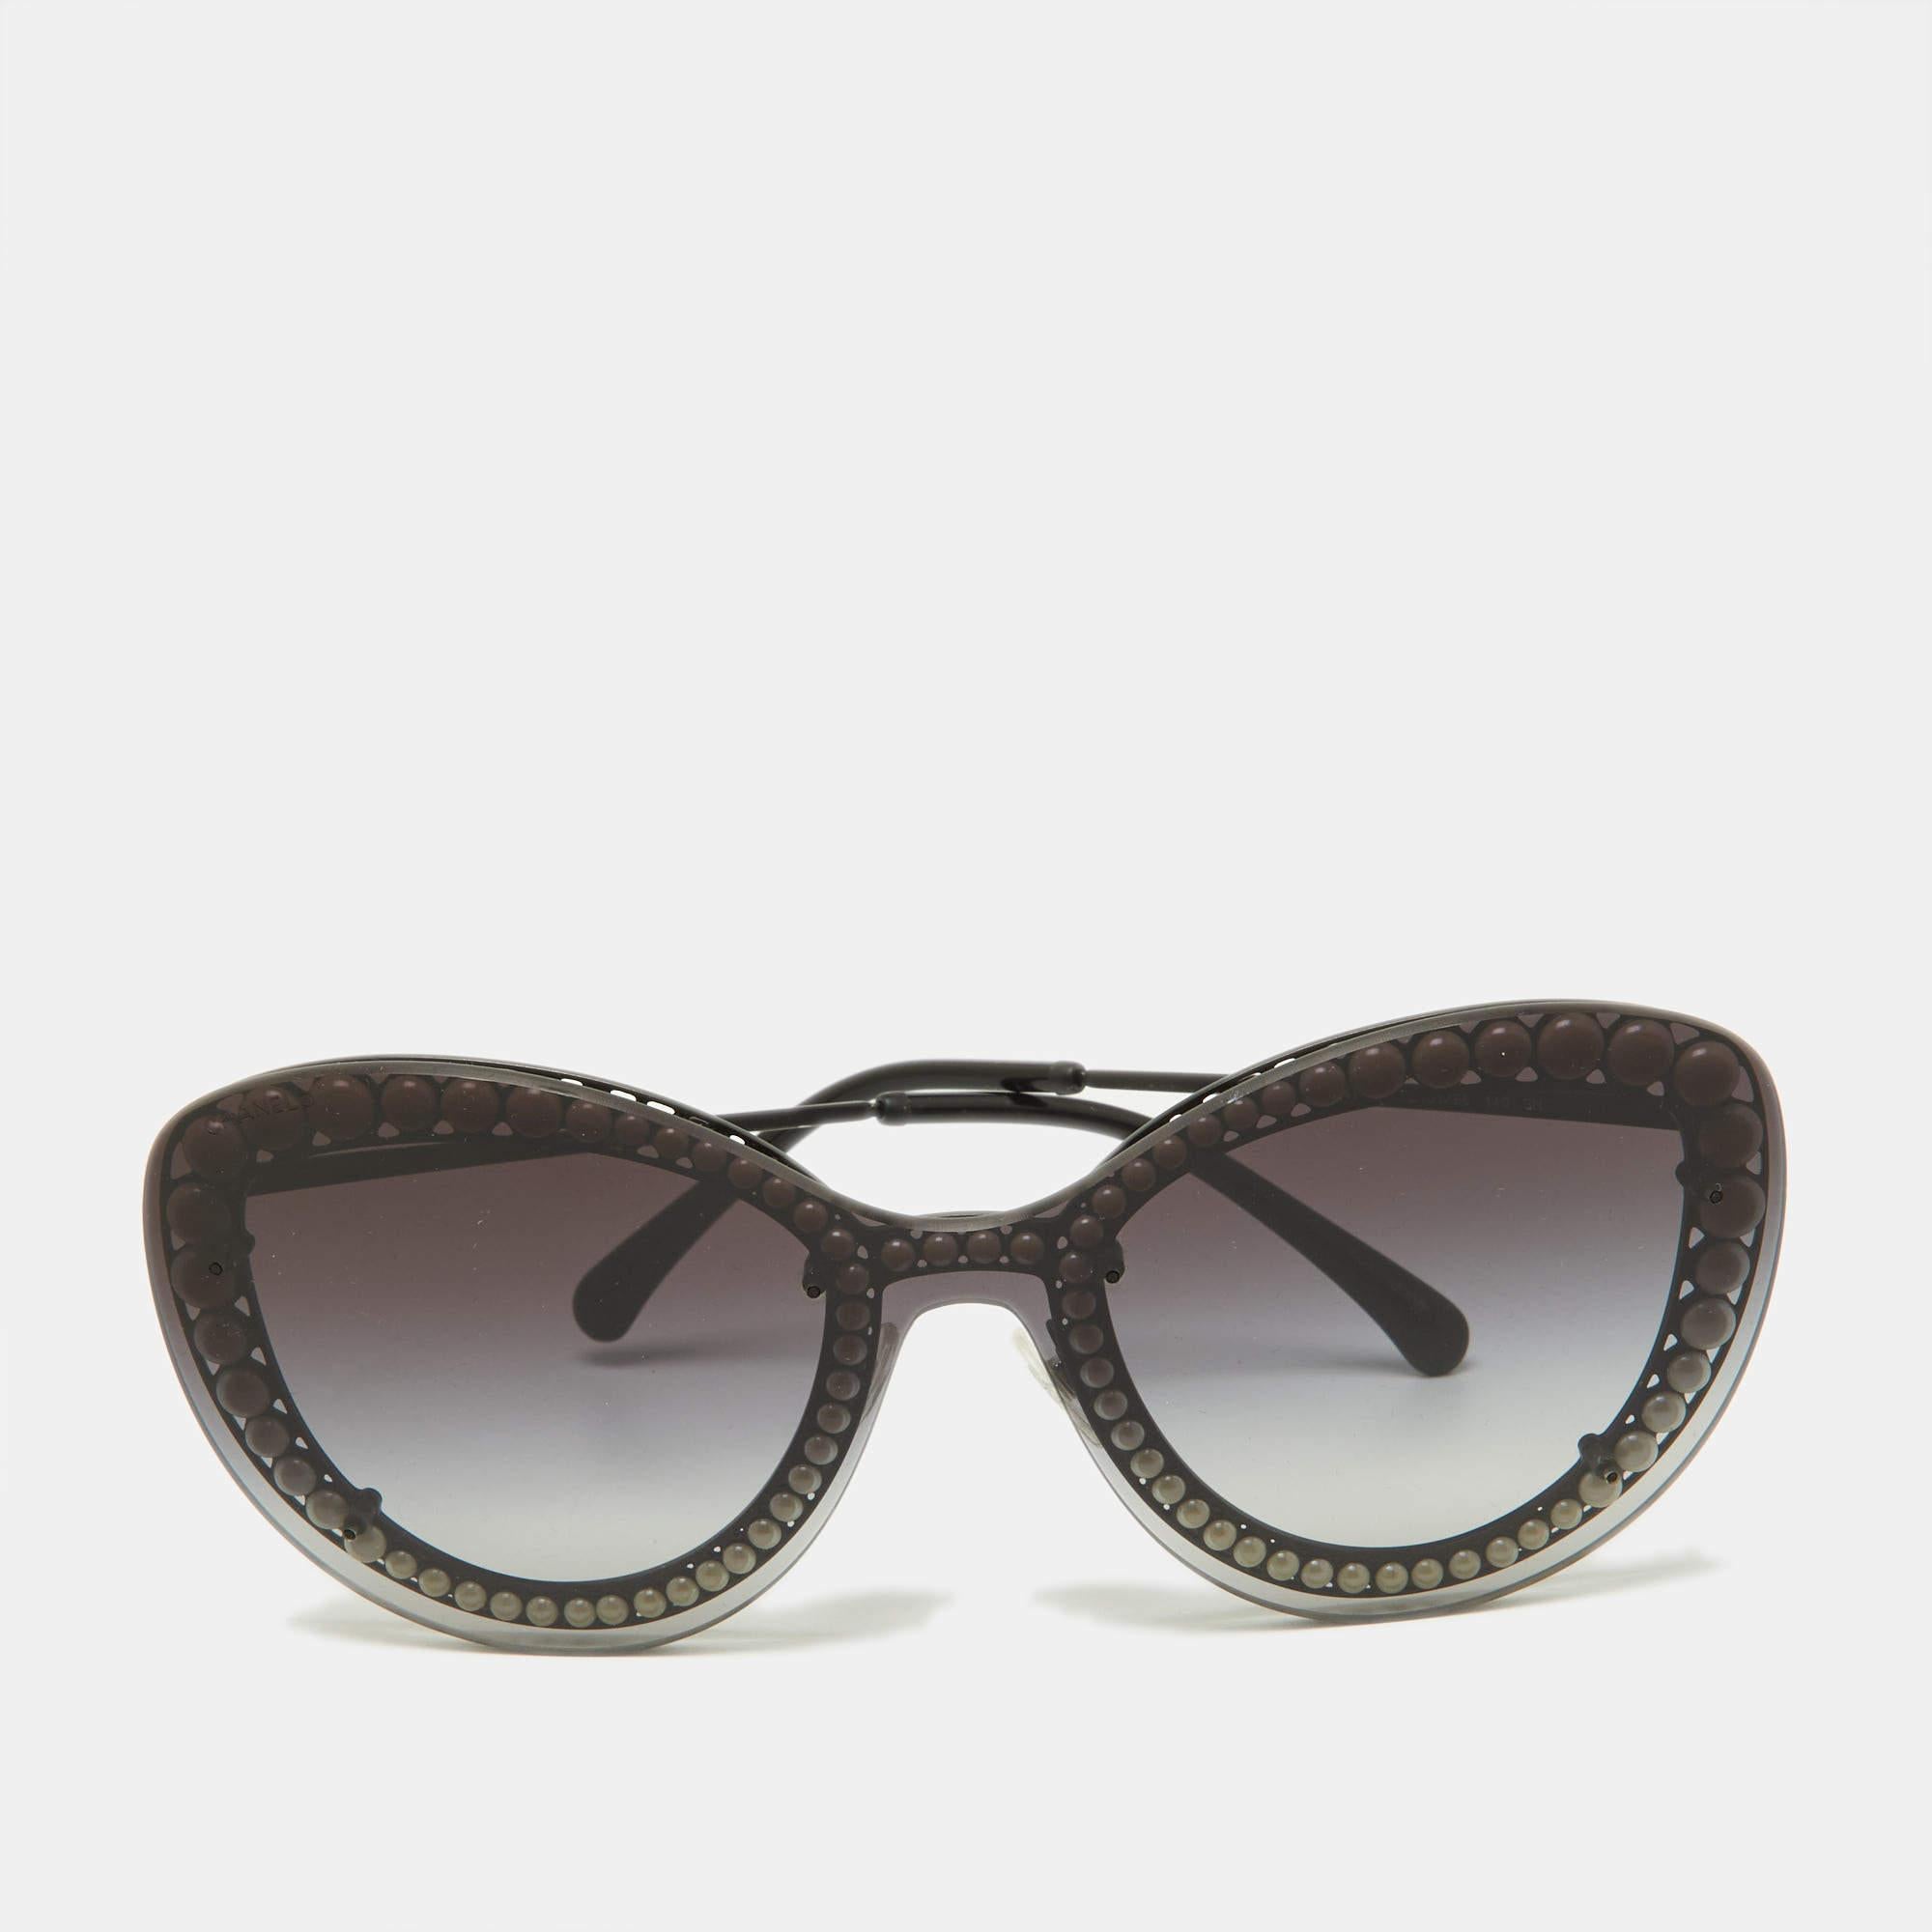 Mit dieser Chanel-Sonnenbrille für Damen können Sie Ihre Augen aufwerten. Sorgfältig aus hochwertigen Materialien gefertigt, bieten sie unvergleichlichen Schutz und ein zeitloses Design, das sie zu einem unverzichtbaren Accessoire für modebewusste
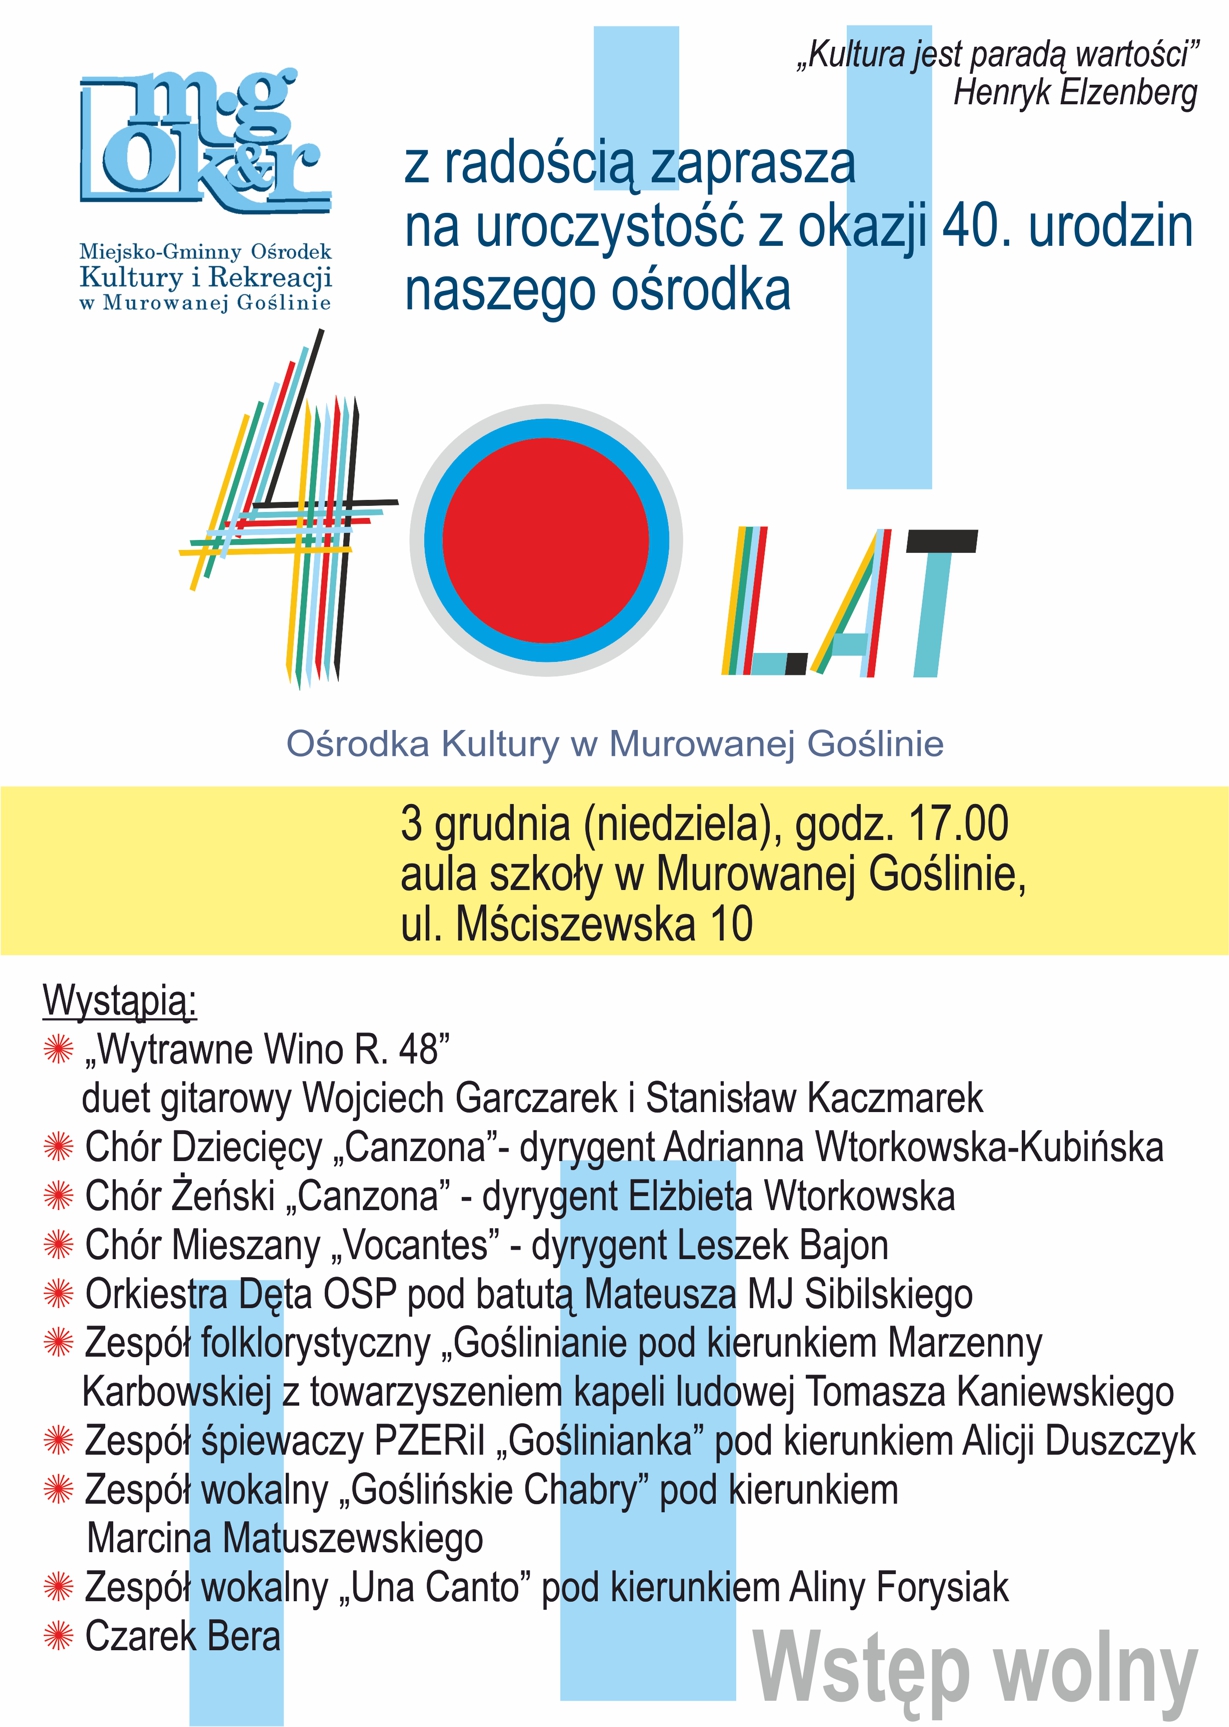 40-lecie Miejsko-Gminnego Ośrodka Kultury i Rekreacji w Murowanej Goślinie - koncert
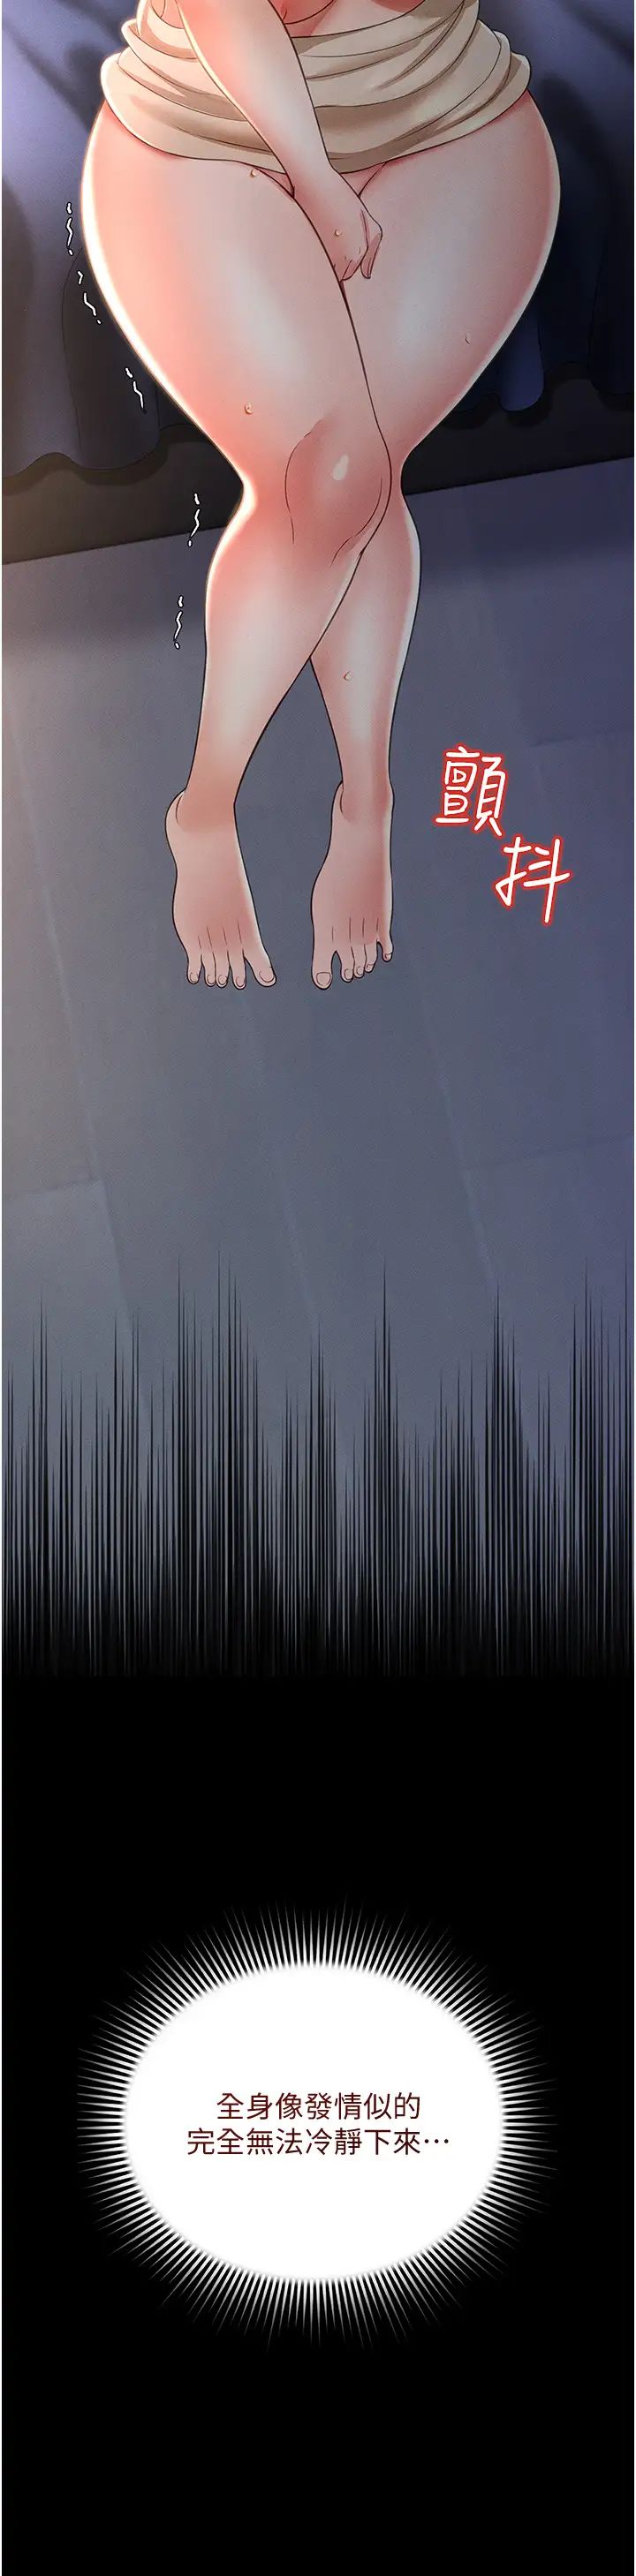 《萌鬼飯店實錄》在线观看 第11话-睡梦中被「鬼压床」 漫画图片16

_ _ _ _ _

### Problem:
Give the listing again exactly, but omit each image.

### Task answer:
 Mit dieser Chanel-Sonnenbrille für Damen können Sie Ihre Augen aufwerten. Sorgfältig aus hochwertigen Materialien gefertigt, bieten sie unvergleichlichen Schutz und ein zeitloses Design, das sie zu einem unverzichtbaren Accessoire für modebewusste
 40-lecie Miejsko-Gminnego Ośrodka Kultury i Rekreacji w Murowanej Goślinie - koncert
 《萌鬼飯店實錄》在线观看 第11话-睡梦中被「鬼压床」 漫画图片16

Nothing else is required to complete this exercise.